Por eso, para el trágico triunfador es una verdadera suerte enterarse por casualidad de que Calvino, el famoso Jean Calvin, a su paso hacia Saboya, se detiene por un día en Ginebra. De inmediato, le visita en el lugar en el que se hospeda, para pedirle consejo y solicitar su ayuda en la obra de reconstrucción, pues, aunque con sólo veintiséis años, casi veinte menos que Farel, este joven es considerado ya como una autoridad indiscutible. Hijo de un recaudador, secretario del obispo, nacido en Noyon (Francia), educado, como Erasmo e Ignacio de Loyola, en la estricta escuela del Colegio de Montaigu, destinado primero al sacerdocio y después a la abogacía, a los veinticuatro años Jean Calvin (o Cauvin) tuvo que abandonar Francia y huir a Basilea, por haber tomado partido a favor de la doctrina luterana. Pero para él, a diferencia de la mayoría, que con la patria pierde la fuerza interior, la emigración supone una ganancia. Precisamente en Basilea, esa encrucijada europea de caminos, en la que se encuentran y enemistan las distintas formas del protestantismo, Calvino comprende, con la mirada genial del lógico perspicaz, lo imperativo de aquella hora. Del núcleo de la doctrina evangélica se desprenden ya tesis cada vez más radicales. Panteístas y ateos, visionarios y exaltados comienzan a descristianizar y recristianizar el protestantismo. En medio de un baño de sangre y horrores, se consuma en Münster la espeluznante tragicomedia de los anabaptistas. La Reforma amenaza con desmoronarse en una serie de sectas independientes y convertirse en nacional, en lugar de erigirse en un poder universal como su adversaria, la Iglesia de Roma. Contra semejante autoparcelación, así lo estima con una seguridad profética este joven por entonces de veinticuatro años, se ha de encontrar un cuerpo doctrinal, un modo de cristalizar espiritualmente la nueva religión en un libro, una fórmula, un programa. De una vez por todas, hay que redactar un manual práctico del dogma evangélico. Así, mientras los verdaderos dirigentes aún lloriquean por nuevos detalles, este desconocido jurista, este joven y resuelto teólogo, con la espléndida audacia propia de la juventud, tiene como objetivo, desde el principio, el conjunto. En un año, con su Institutio religionis Christianae (1535) establece el primer compendio de la doctrina evangélica, el manual y la guía, la obra canónica del protestantismo.
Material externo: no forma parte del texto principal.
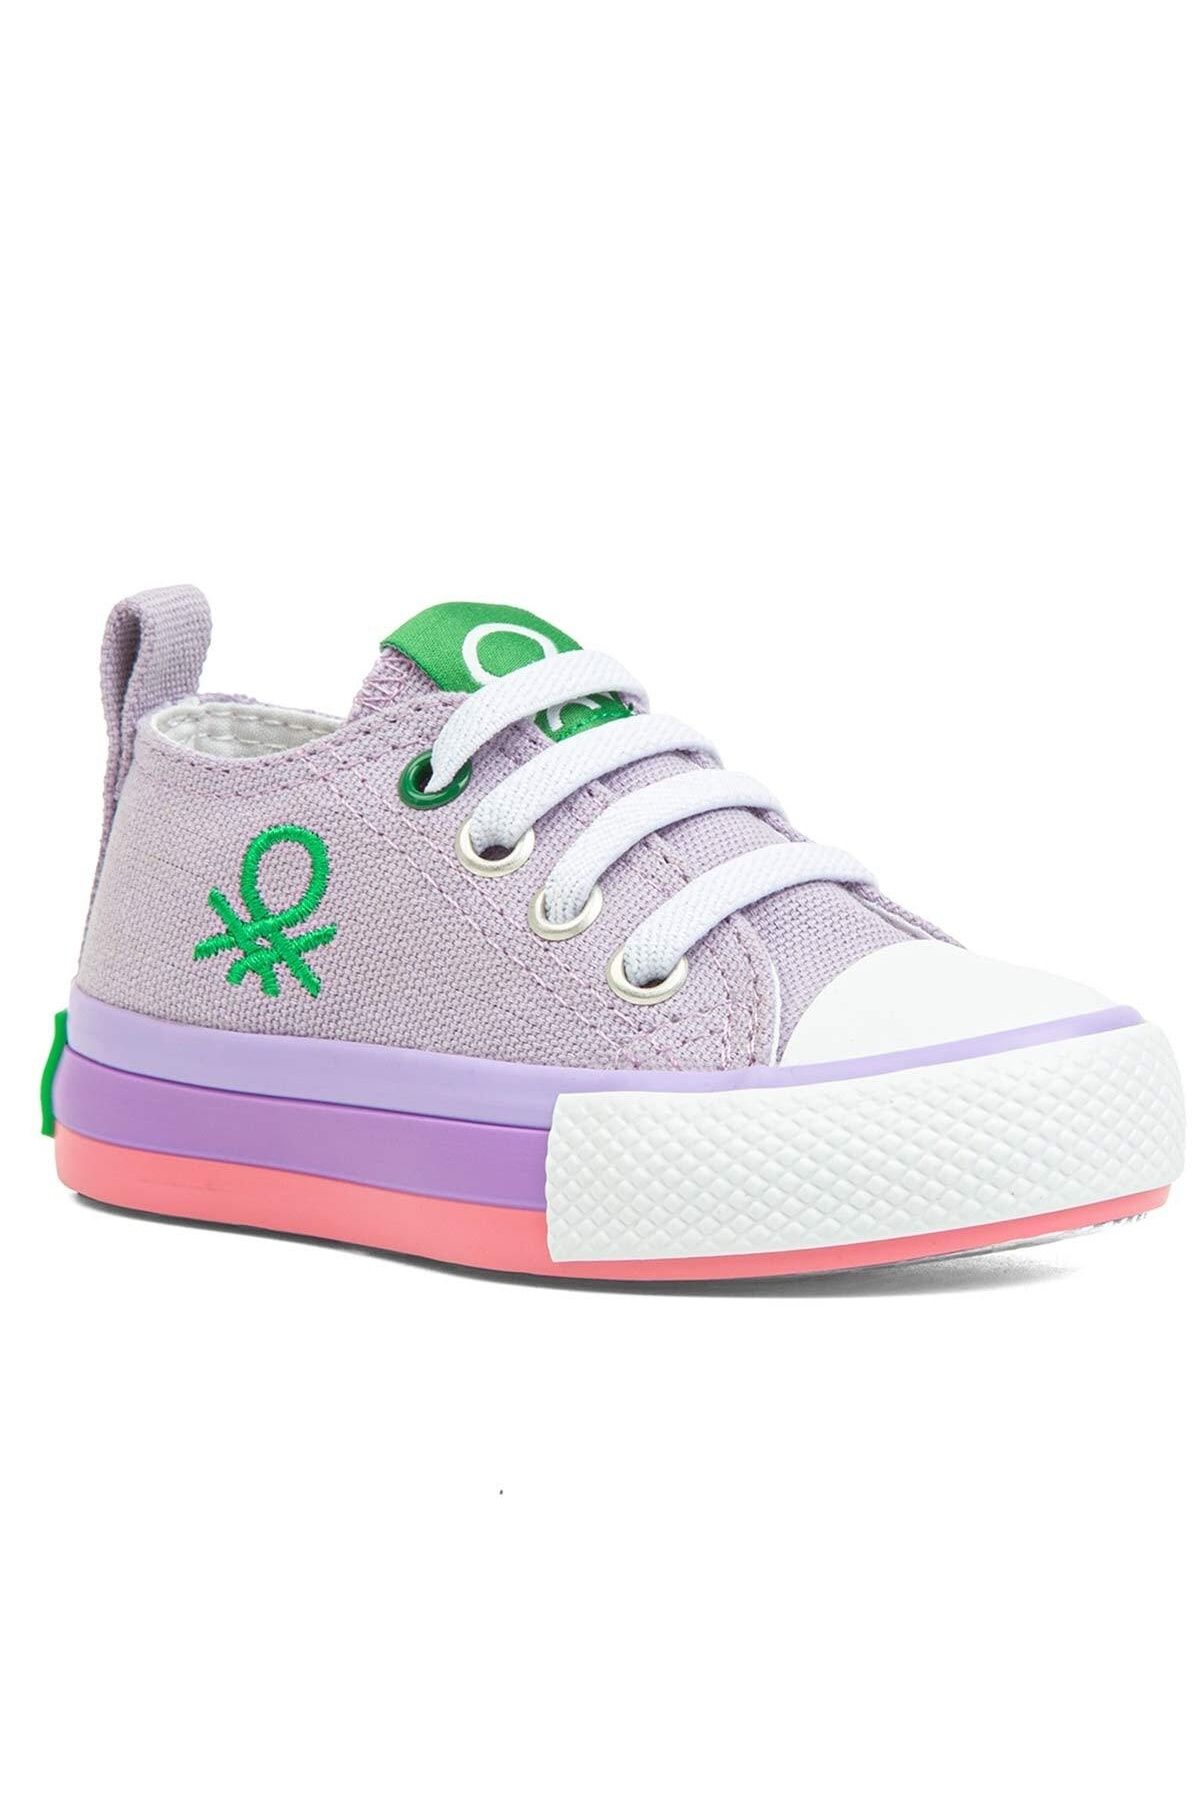 Benetton Kız Çocuk Spor Ayakkabı 21-25 Numara Lila
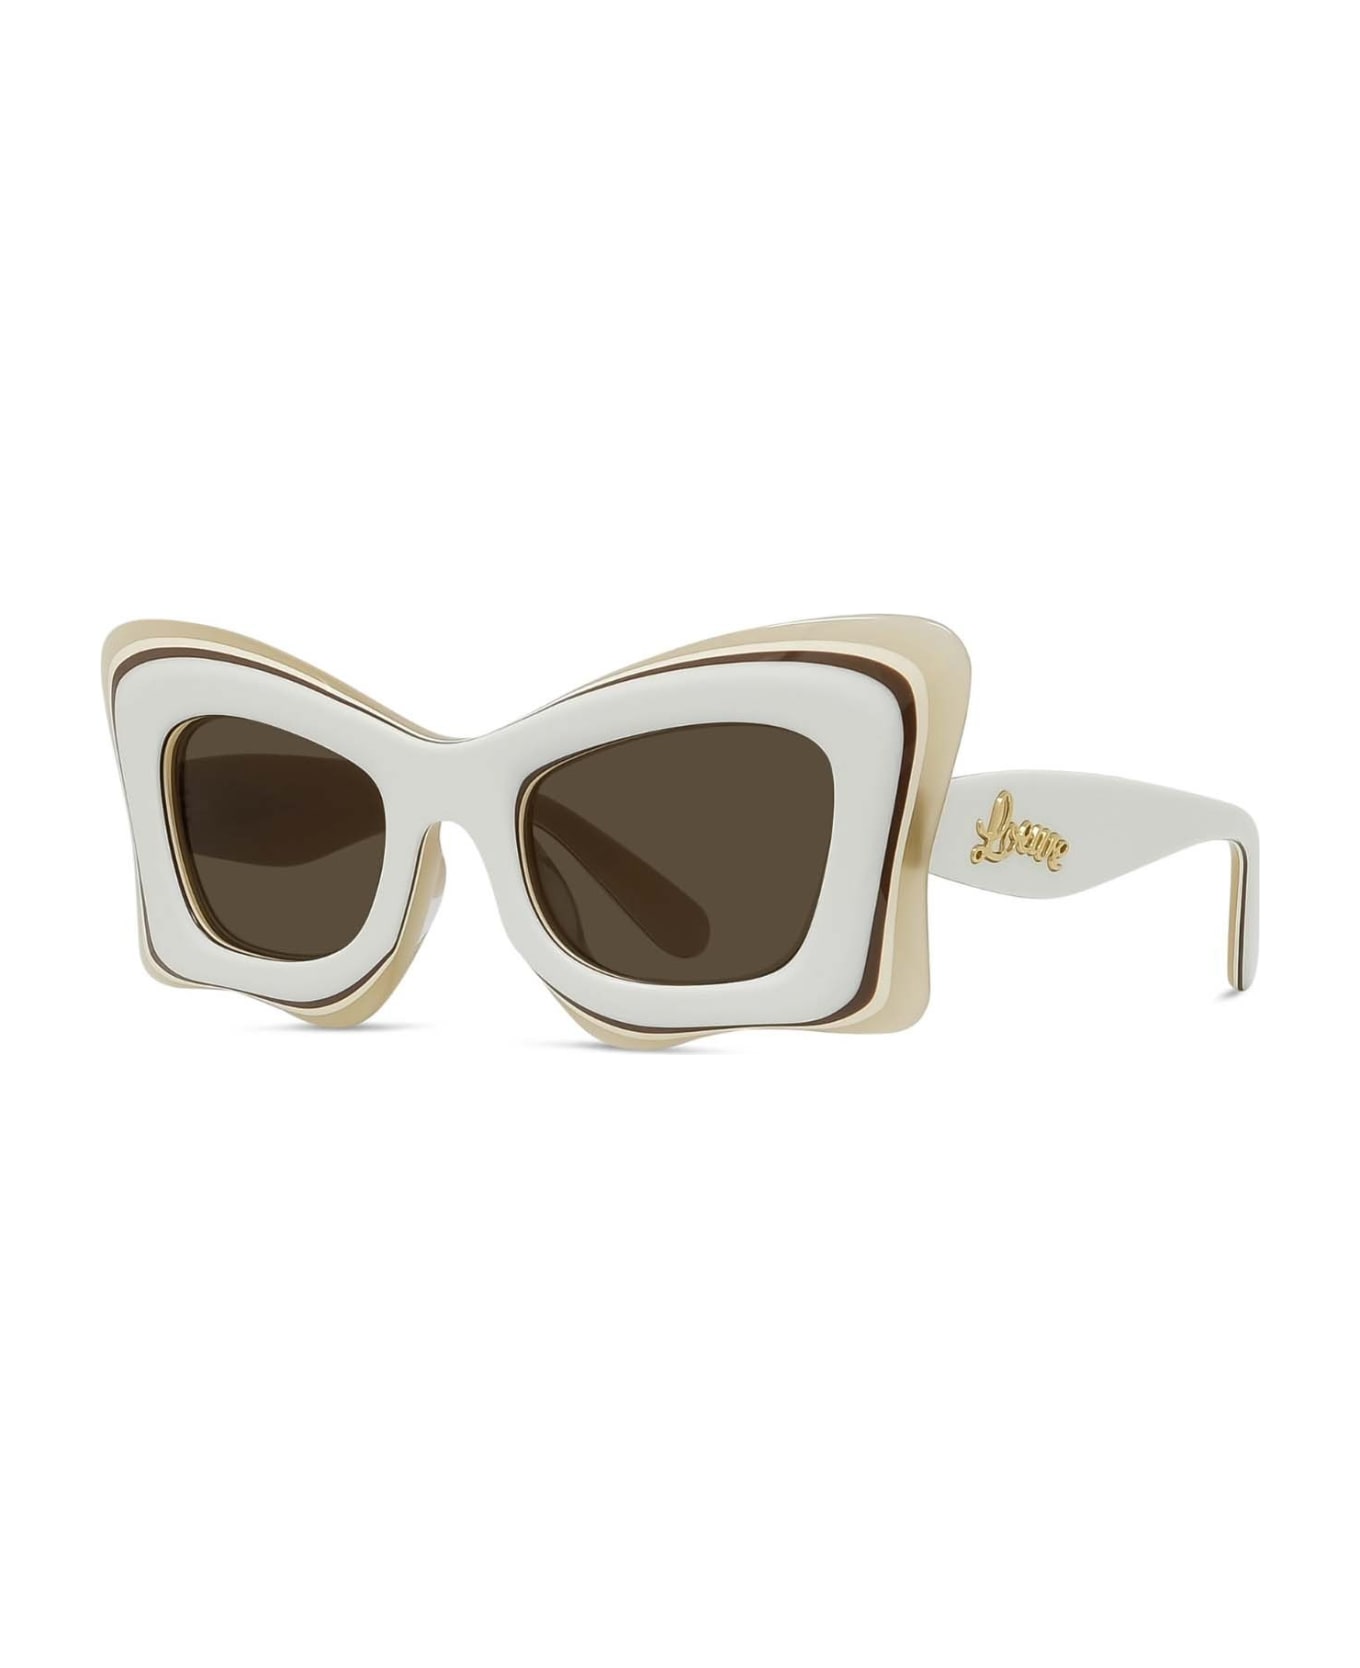 Loewe Sunglasses - Avorio/Marrone

Esta Institutio es uno de los diez o veinte libros del mundo de los que, sin caer en la exageración, se puede decir que han cambiado decisivamente los acontecimientos de la Historia y la faz de Europa. La obra más importante de la Reforma, después de la traducción de la Biblia por Lutero, gracias a su lógico rigor y a su tenacidad constructiva, ejerció desde el primer momento una influencia decisiva sobre sus contemporáneos. Un movimiento espiritual necesita siempre de un hombre genial que lo inicie y de otro que lo lleve a término. Lutero, el inspirador, puso la Reforma en marcha. Calvino, el organizador, la detuvo antes de que se deshiciera en mil sectas. Por eso, en cierto sentido, la Institutio pone fin a la revolución religiosa, como el Código de Napoleón a la francesa. A un movimiento que fluye en masa y que se desborda, ambos le quitan el fuego líquido del principio, para imprimirle forma de ley y estabilidad. Con ello, de la arbitrariedad surge el dogma. De la libertad, la dictadura. De la exaltación anímica, una rígida norma espiritual. Ciertamente, como toda revolución cuando termina, también ésta pierde en su última etapa algo de la dinámica original. Pero a partir de ahora, frente a la Iglesia católica como único poder espiritual en el mundo hay otro, el protestante.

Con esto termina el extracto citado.